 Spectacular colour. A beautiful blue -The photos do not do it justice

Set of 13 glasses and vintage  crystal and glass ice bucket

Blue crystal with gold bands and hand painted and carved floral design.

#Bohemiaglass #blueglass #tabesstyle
* * *
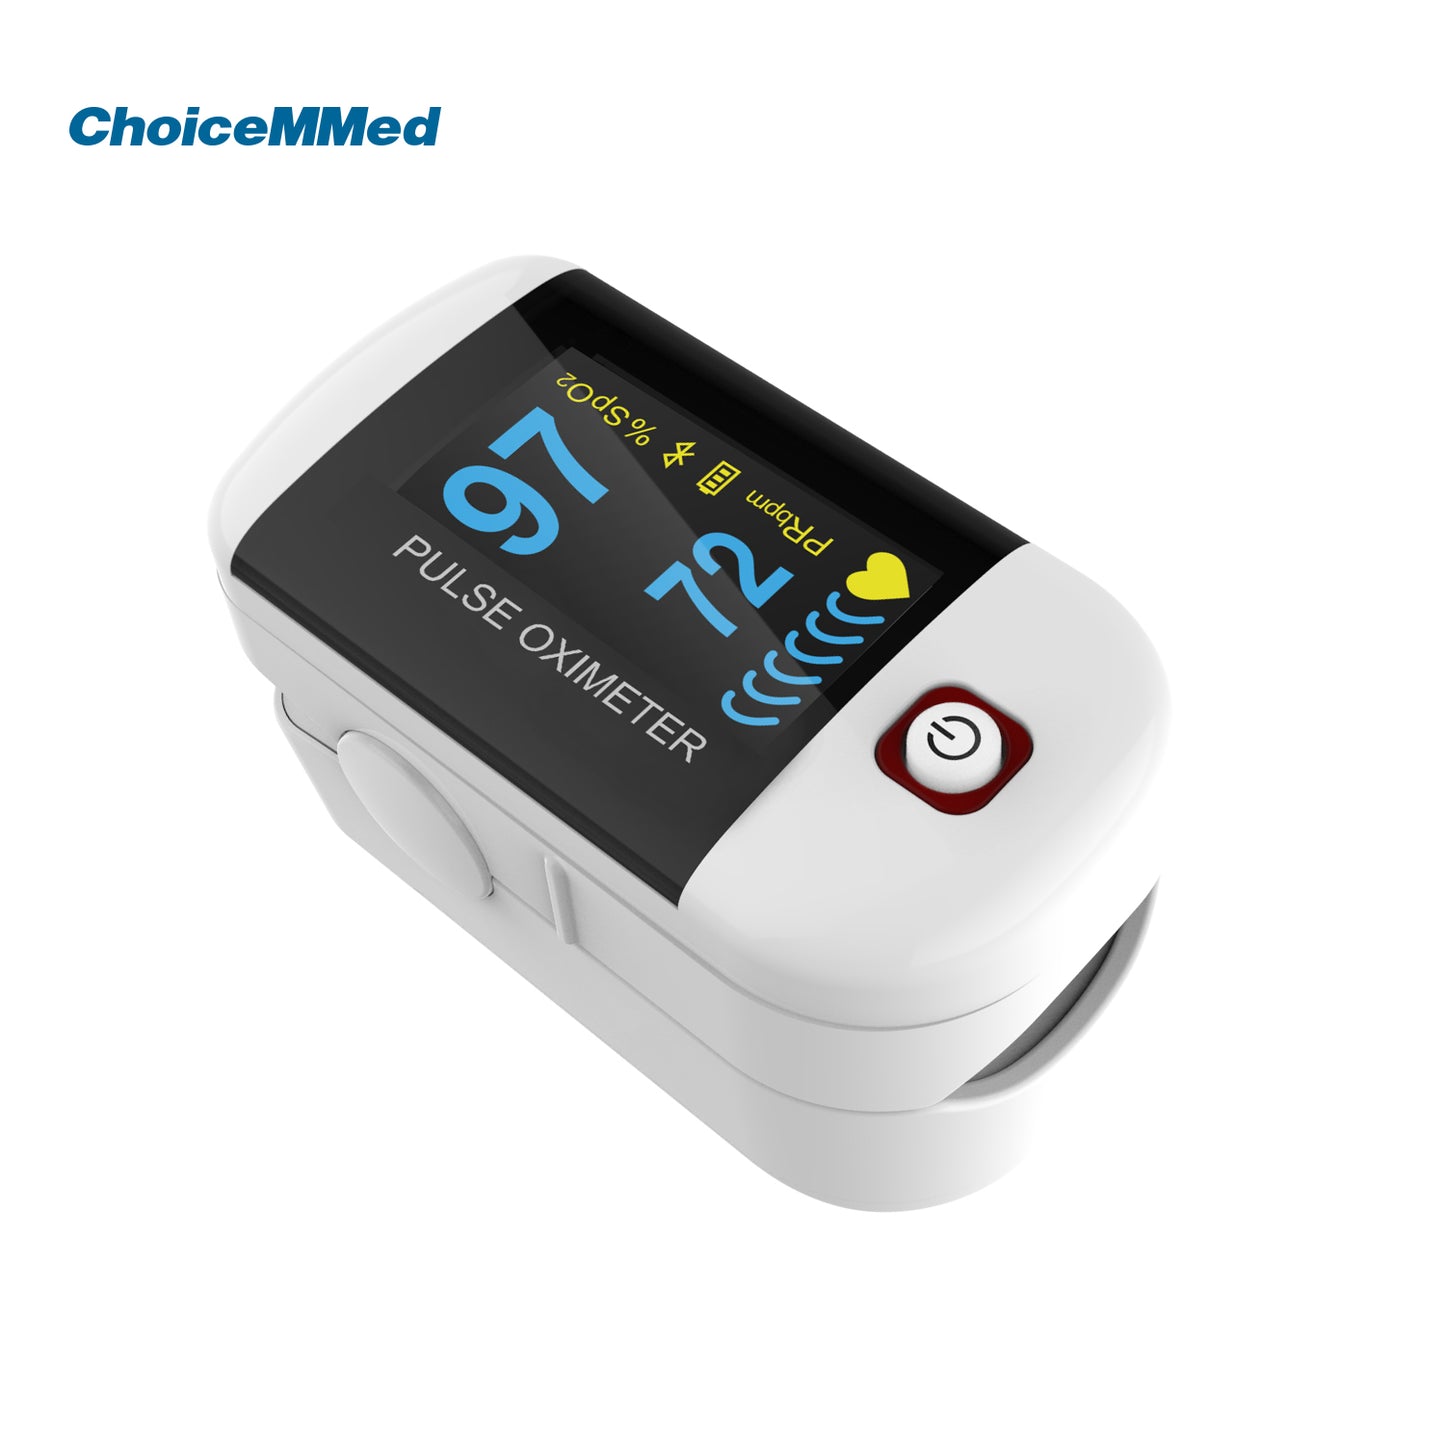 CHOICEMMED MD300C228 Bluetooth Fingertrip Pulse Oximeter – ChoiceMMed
* * *
**WHAT IS BEING ASKED**
Return all lines of the material that have "crystal" in them.

**OUTPUT FOR THIS EXERCISE**
Set of 13 glasses and vintage  crystal and glass ice bucket
Blue crystal with gold bands and hand painted and carved floral design.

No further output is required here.